Defendants also argue that, in addition to the negative findings of the doctor, plaintiff’s own medical records disprove any claim of lumbar radiculopathy citing the October 8, 2009 North Shore Hospital Department of Radiology MRI report which defendants claim show that plaintiff exhibited pre-existing disc desiccation and only mild disc bulges and herniations. Additionally, defendants submit that plaintiff’s own physician, conducted nerve conduction studies of plaintiff’s upper and lower extremities and found only normal results. Also, all examined muscles showed no evidence of electrical instability (as indicated objectively in the EMG scoring table). Defendants contend that this disproves plaintiff’s allegations of neurological disabilities, including radioculopathy. Thus, all claims of neurological disabilities within plaintiff’s Bill of Particulars are without merit.

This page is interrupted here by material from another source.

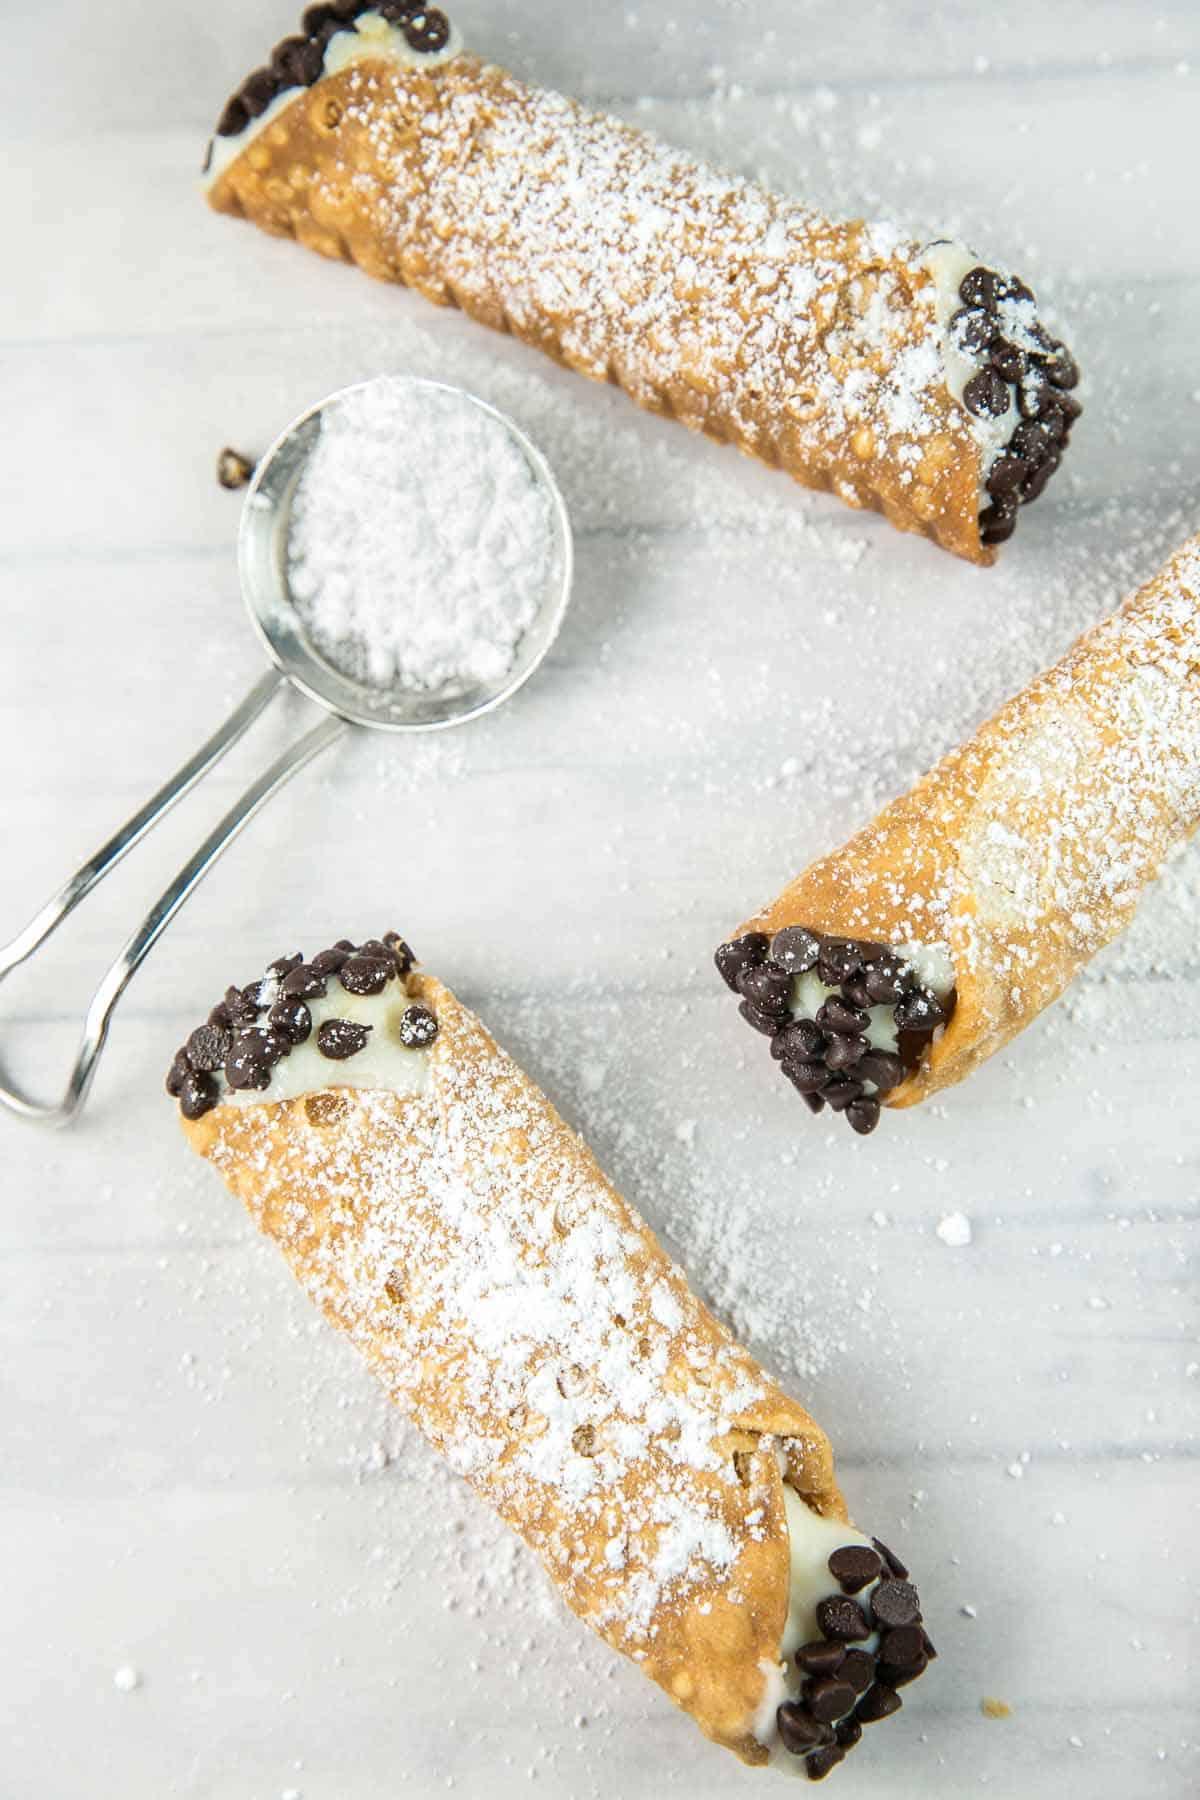 Homemade Cannoli Recipe: traditional cannoli with deep fried shells an a smooth ricotta filling. As good as Italian bakery! {bunsenburnerbakery.com} #cannoli #italian #italiandesserts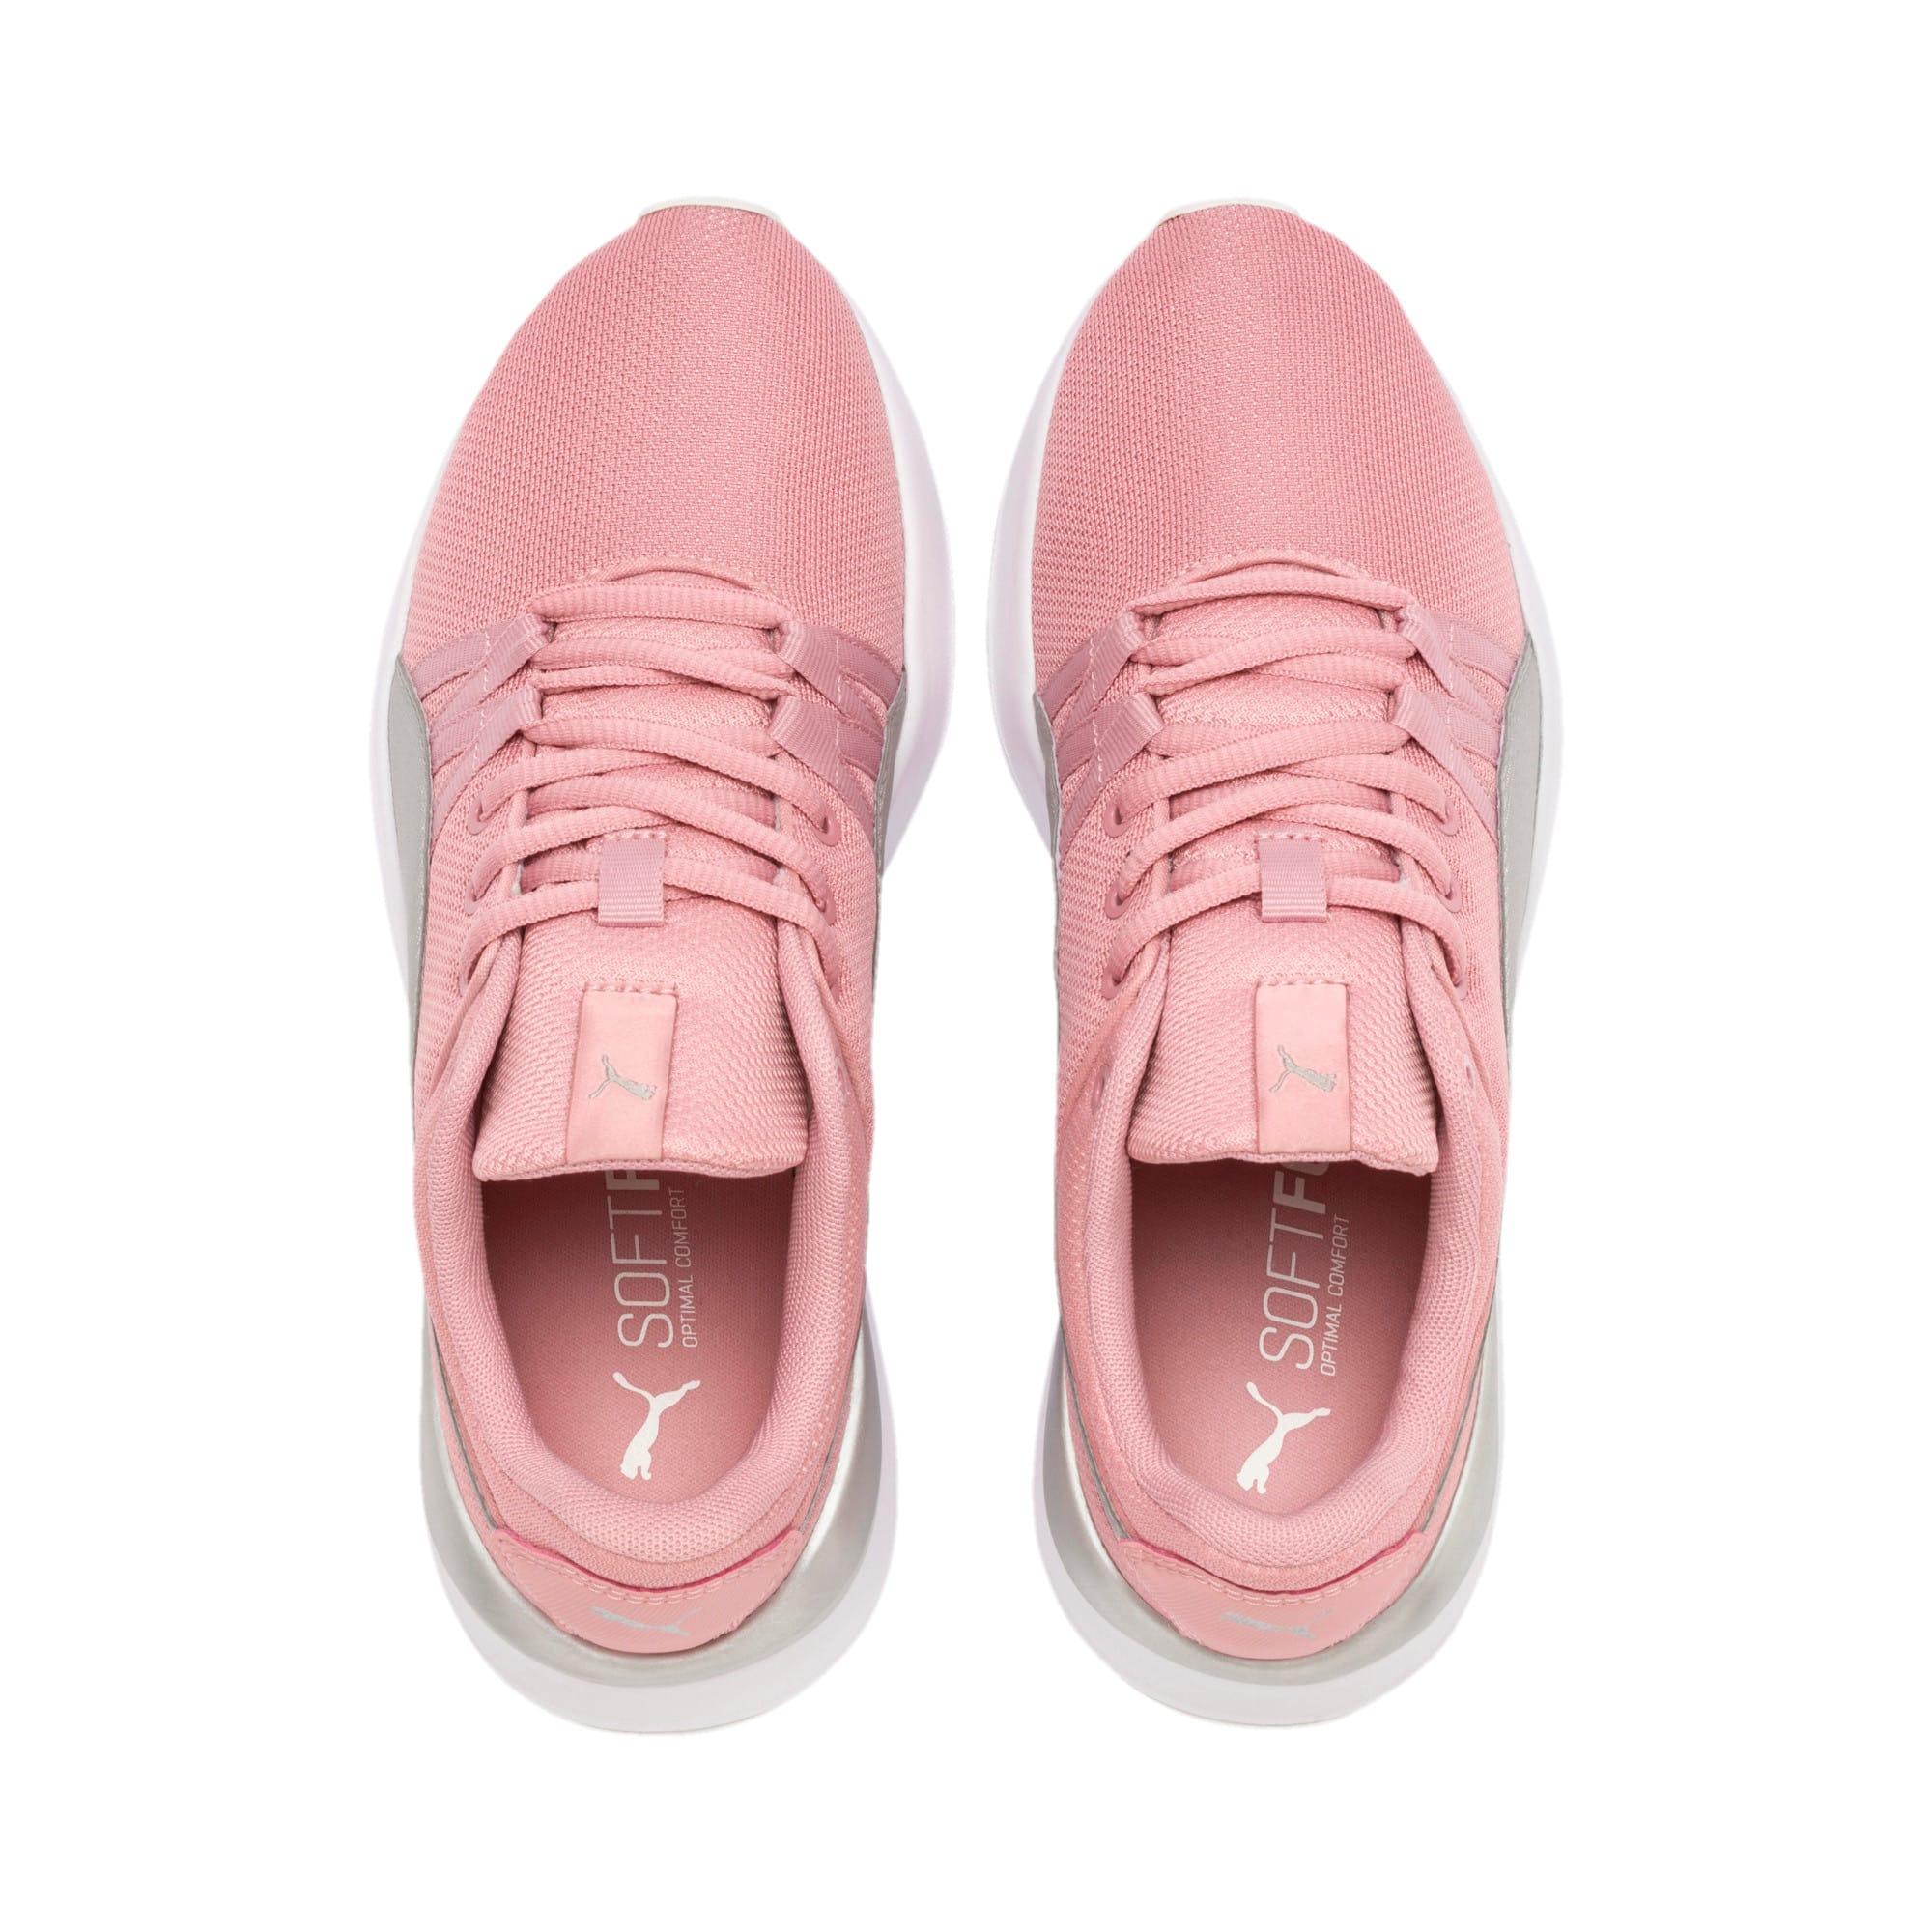 Thumbnail 6 of Adela Breathe Sneakers JR, Bridal Rose-Puma Silver, medium

Defendants submit that none of plaintiff s alleged injuries constitute “total” loss of use, necessary in order to establish that any of her injuries fall within the category regarding permanent loss of a body organ, member, function or system. Defendants also submit that plaintiff cannot establish a serious injury under the significant disfigurement category as plaintiff has not identified any disfigurement to her body in her Bill of Particulars and she has not suffered from any alleged visible injury.